17. No Waiver. No course of dealing between Pledgor and Lender, nor any failure to exercise, nor any delay in exercising, on the part of Lender, any right, power or privilege hereunder or under any of the Loan Documents shall operate as a waiver thereof; nor shall any single or partial exercise of any right, power or privilege hereunder or thereunder preclude any other or further exercise thereof or the exercise of any other right, power or privilege.
18. Remedies Cumulative. All of the rights and remedies of Lender with respect to the Collateral, whether established hereby or by the Loan Documents, or by any other agreements or by law shall be cumulative and may be executed singularly or concurrently.
19. Severability. The provisions of this Agreement are severable, and, if any clause or provision shall be held invalid and unenforceable in whole or in part in any jurisdiction, then such invalidity or unenforceability shall affect only such clause or provision, or part thereof, in such jurisdiction, and shall not in any manner affect such clause or provision in any other jurisdiction, or any other clause or provision of this Agreement in any jurisdiction.
20. Modifications. This Agreement may be amended or modified only by a writing signed by Pledgor and Lender. No waiver or consent granted by Lender in respect of this Agreement shall be binding upon Lender unless specifically granted in writing, which writing shall be strictly construed.
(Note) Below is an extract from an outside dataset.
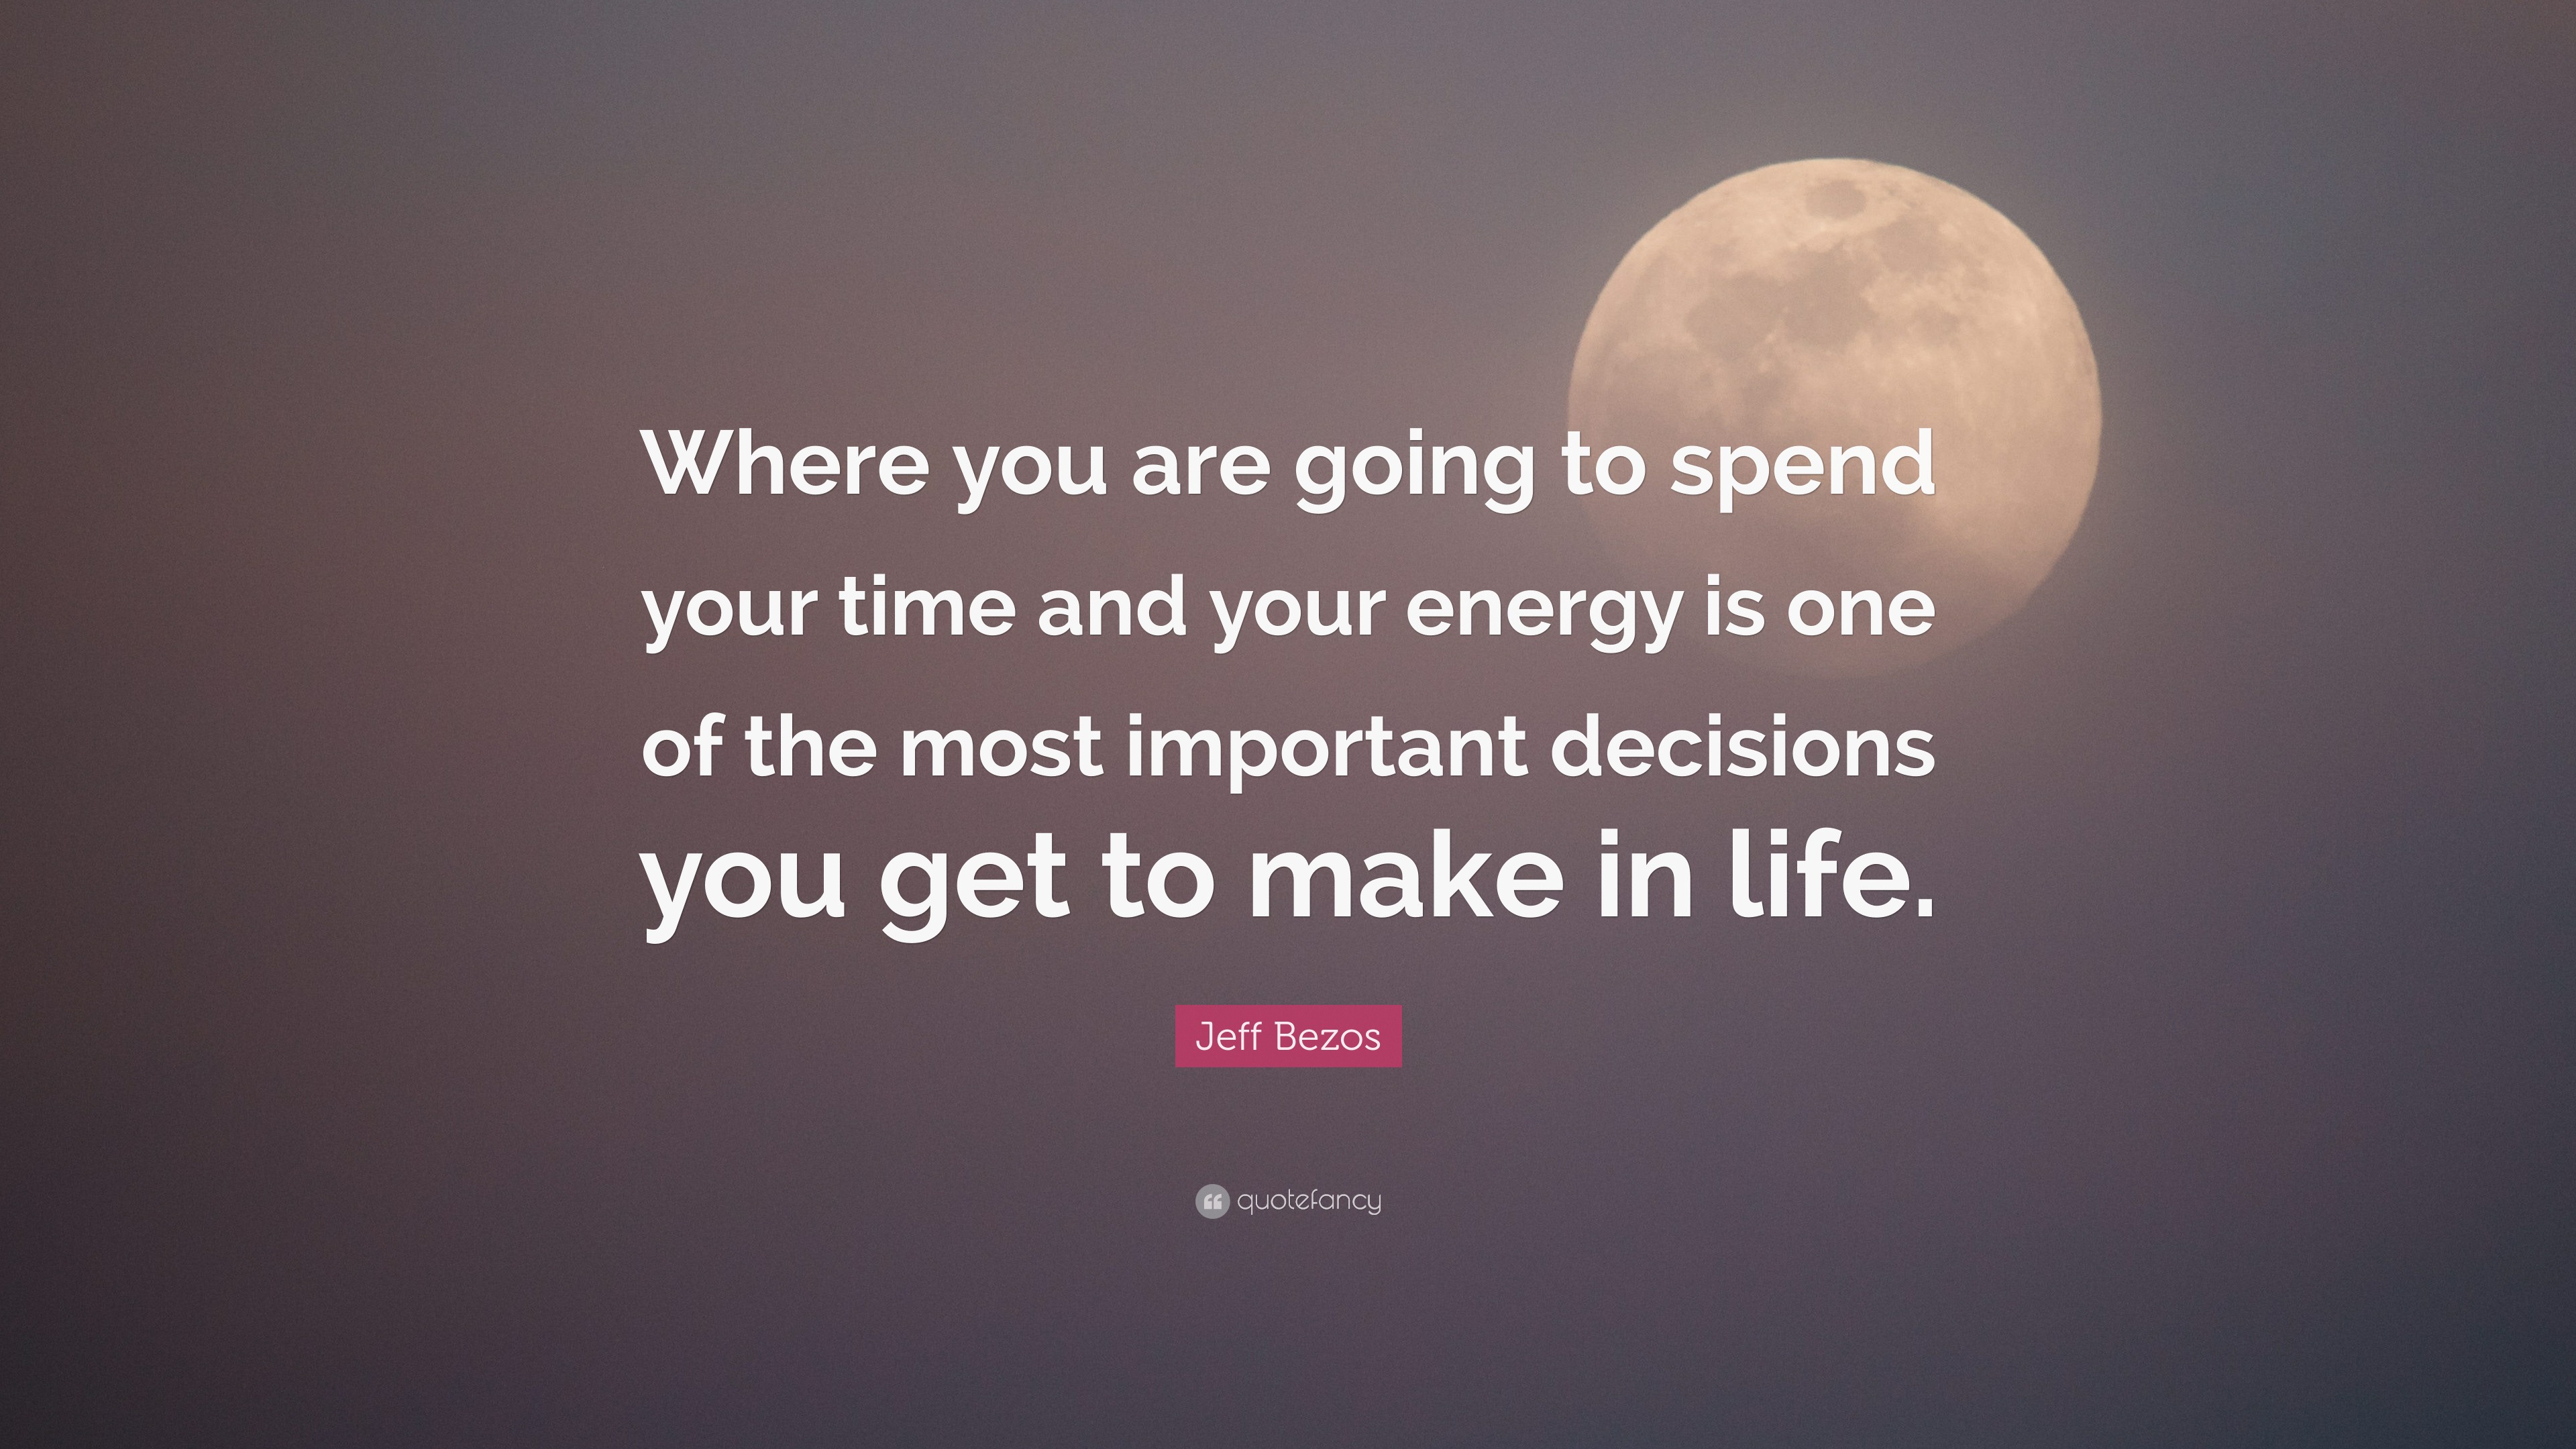 Jeff Bezos Quote: “Where you are going to spend your time and your

21. Notice. All notices, requests, demands and other communications provided for hereunder shall be in writing and, if to Pledgor, mailed or delivered to it, addressed to it at the address specified on the signature page of the Credit Agreement, and, if to Lender, mailed or delivered to it, addressed to the address of Lender specified on the signature page of the Credit Agreement or, as to each party, at such other address as shall be designated by such party in a written notice to each of the other parties. All notices, statements, requests, demands and other communications provided for hereunder shall be deemed to be given or made when delivered or two Business Days after being deposited in the mails with postage prepaid by registered or certified mail, addressed as aforesaid, or sent by facsimile or electronic transmission, in each case with telephonic confirmation of receipt, except that notices from Pledgor to Lender pursuant to any of the provisions hereof shall not be effective until received by Lender.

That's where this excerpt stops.